Officials from INE said to DataBreaches.net that political parties had been provided with the data and they were presently making efforts for locating the person(s) behind the incident. It is not clear whether anyone else besides Vickery accessed the server and took down the details, nevertheless, INE hopes Amazon would provide the answers to the problems. Securityweek.com posted this online dated April 25, 2016.

Meanwhile according to INE, it has sought prosecution of the entity that would be found accountable towards posting the registered voter details of Mexican people onto the AWS server.

Read more... - 93.4m Mexican Voter ...
 
Anonymous Hacktivist Group Member Detained Over COMELEC Attack PDF Print E-mail
Written by Administrator   
Friday, 29 April 2016 07:00


Anonymous the hacktivist collective, on 27th March, attacked Philippines' Comelec website followed with modifying its content to prove they believed the whole procedure of election in the country was extremely vulnerable. The collective as well exposed all of the voters' data on the Internet. Now, it's being reported that authorities have arrested one hacker from the collective.

On Thursday, the National Bureau of Investigation substantiated detention of the alleged law-breaker understood to be behind breaching the Philippines Commission on Elections online site Comelec.

Virgilio Mendez, Director of NBI stated officers caught the alleged hacker on Wednesday night based on intelligence the Cyber-crime Division of NBI gathered. The hacker, reportedly, just graduated in IT, however, the officials declined from telling the institution's name.

NBI Cyber-crime Division chief Ronald Aguto said they spent nearly 3 weeks till the arrest was made, adding that they continued to hunt for 2 more hackers also belonging to the collective and behind the hacking.

Moreover as per NBI, alongside Comelec, 25 other websites of the government have been defaced. Of the hacked sites, authorities pointed the websites belonging to the government of Dipolog City, the Civil Service Commission, as well as Philippine Atmospheric, Geophysical and Astronomical Services Administration (PAGASA).
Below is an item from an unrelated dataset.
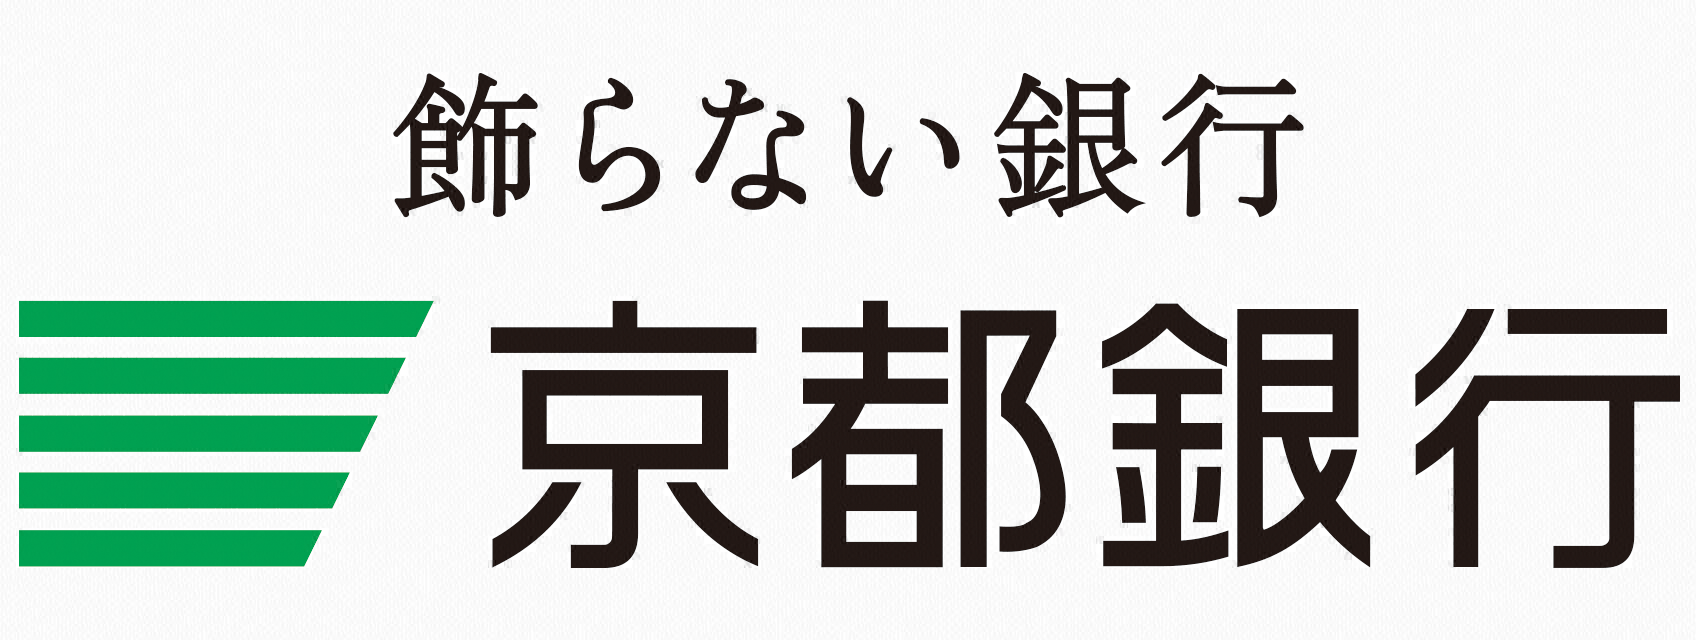 Bank of Kyoto Brand Logo

Investigators state that the hacker, Biteng's profuse actions enabled them trace his location while he left many clues showing his association with the Comelec breach as also disclosing his real identity. Softpedia.com posted this, April 23, 2016.
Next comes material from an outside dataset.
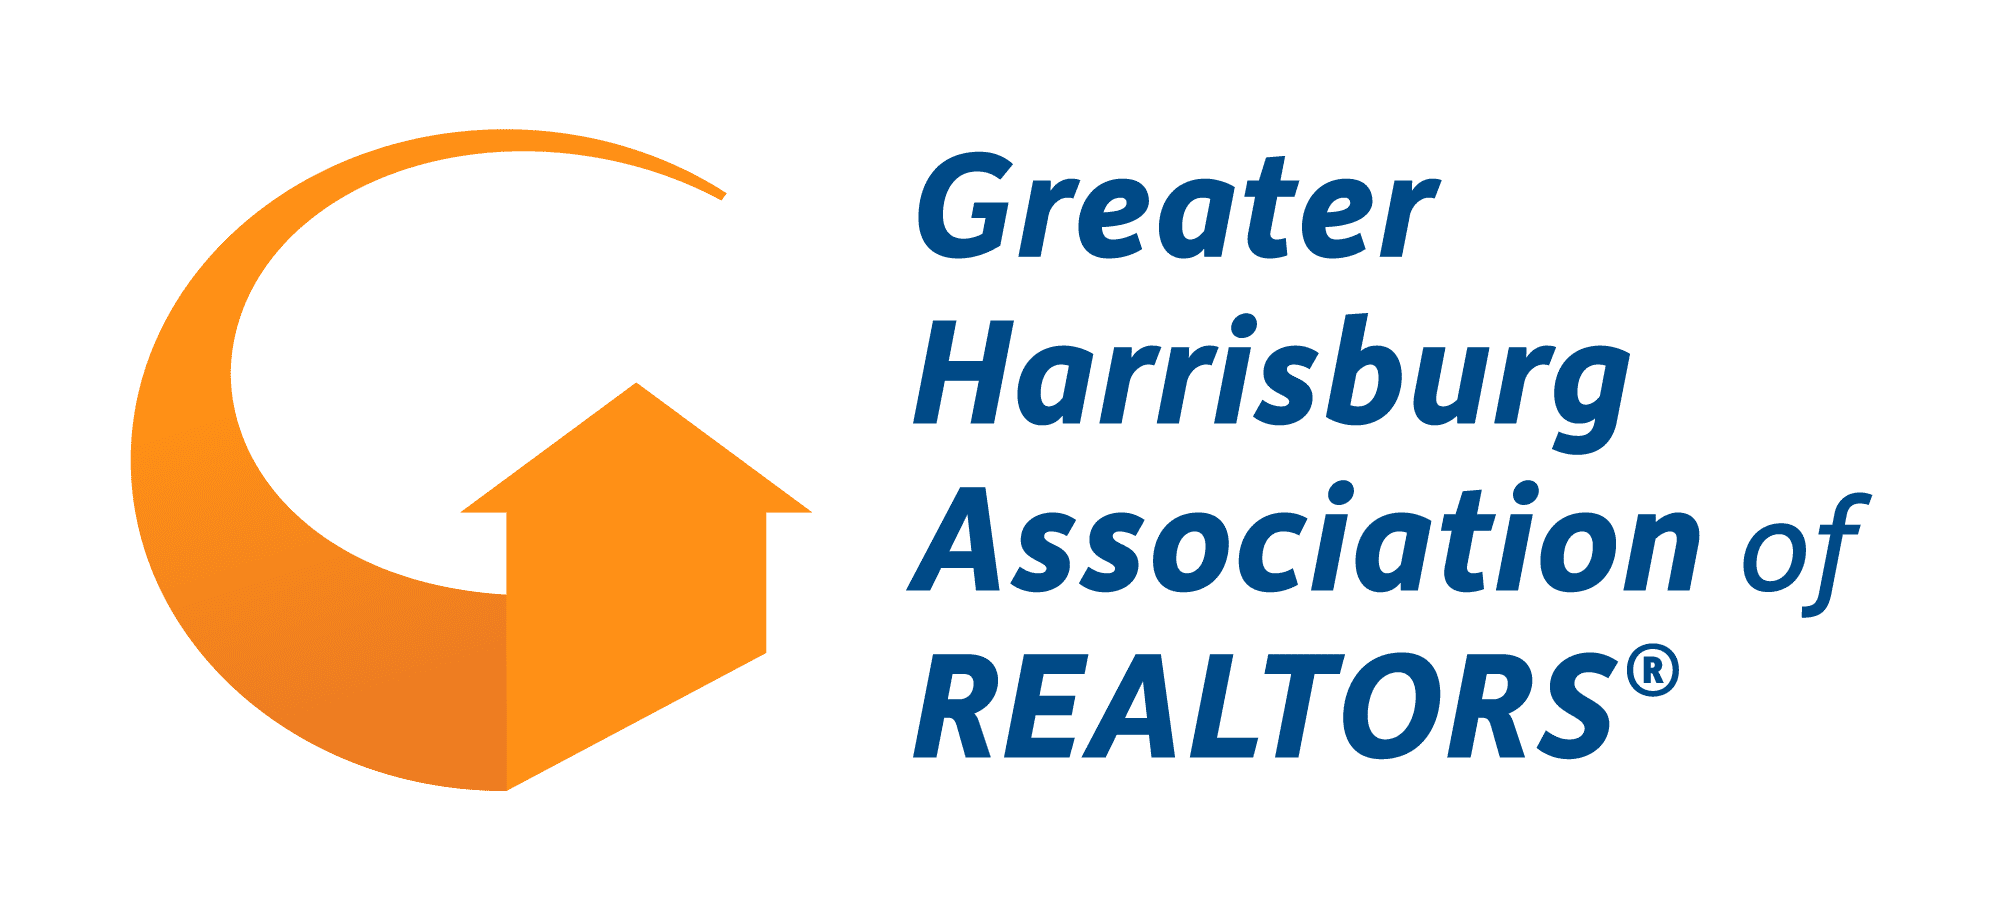 Greater Harrisburg Assoication of Realtors

Now ever since the incident, one technical task group has been created for the Comelec which's expected to retrieve all of the hijacked data, take care of the website's security while ensure no repeat of the happening.

According to Trend Micro the technical company, the website breach along with the data leakage from Comelec endangered the details belonging to 55m registered voters within Philippine while they became susceptible to ID-theft. The company reported that possibly the Comelec breach was the greatest historically happening data-hack for any government.

Meanwhile, Comelec assuaging people's fears promised that critical biometrics data of the voters were not contained inside the online exposed database. The hack only consisted of 228,000 e-mail ids.

Read more... - Anonymous Hacktivist...
 
Anti-ad-blockers to get Banned in EU PDF Print E-mail
Written by Administrator   
Friday, 29 April 2016 07:00


In a new development, many websites receiving high traffic are stopping Web-surfers from entering every time these websites detect that the surfers' browsers have active filters that block ads, the filters being Adblock Plus and uBlock Origin. The ad-blocker stopping tools characteristically provide an option to offending readers i.e. either their blockers will be disabled through the site's white-listing, alternatively they would have to pay a minimal amount of subscription fee for letting the lights continue to be on.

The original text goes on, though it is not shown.